Последние дни войны
Последние дни войны
Из нашей родни на фронте находился племянник Николай. Он только что поступил в Московский университет, когда разразилась война, его призвали в армию и направили в школу лётчиков, а затем в бомбардировочную авиацию.
Авиачасть, в которой он служил, совершала рейсы преимущественно ночью. Длительное время часть находилась под Москвой, и Коля иногда заглядывал к нам и рассказывал о том, как они бомбили немецкие тылы.
В 1944 году он был уже командиром воздушного корабля, совершил более ста пятидесяти рейсов. На груди у него было много орденов и медалей. Когда я видел его, мне все не верилось, что тот худенький мальчишка, которого я часто видел до войны, теперь заслуженный военный лётчик. «Как быстро в военное время меняются, растут люди!» – думалось мне. Как-то Николай пришёл к нам вместе с товарищем.
– Познакомьтесь, это штурман, о котором я вам рассказывал. Помните?
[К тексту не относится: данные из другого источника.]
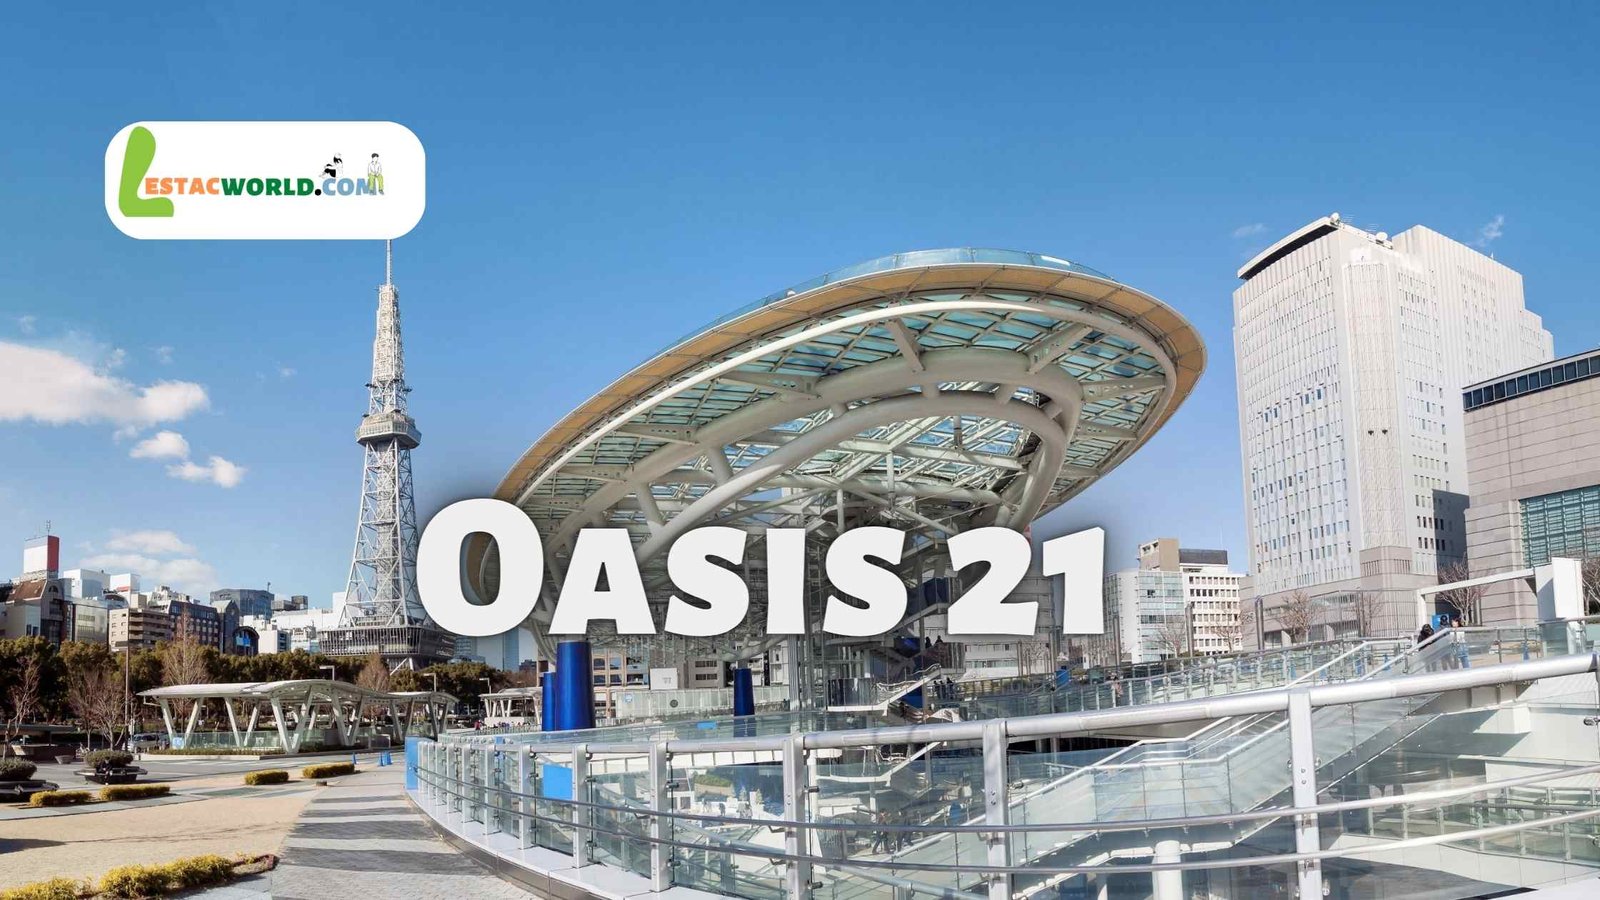 About Oasis 21

Он выпрыгнул из самолёта, когда нас немцы обстреляли под Кенигсбергом и самолёт загорелся…
Худенький, небольшого роста, с копной тёмных волос, штурман внешне выглядел ничем не примечательным человеком. А мы смотрели на него с восхищением – это был герой.
– Особым манёвром мне удалось огонь сбить, и мы дотянули до аэродрома. А что с ним произошло после того, как он выпрыгнул из самолёта, он сам вам расскажет, – закончил нам представление своего товарища Коля.
Вот рассказ этого штурмана, который я запомнил, кажется, на всю жизнь.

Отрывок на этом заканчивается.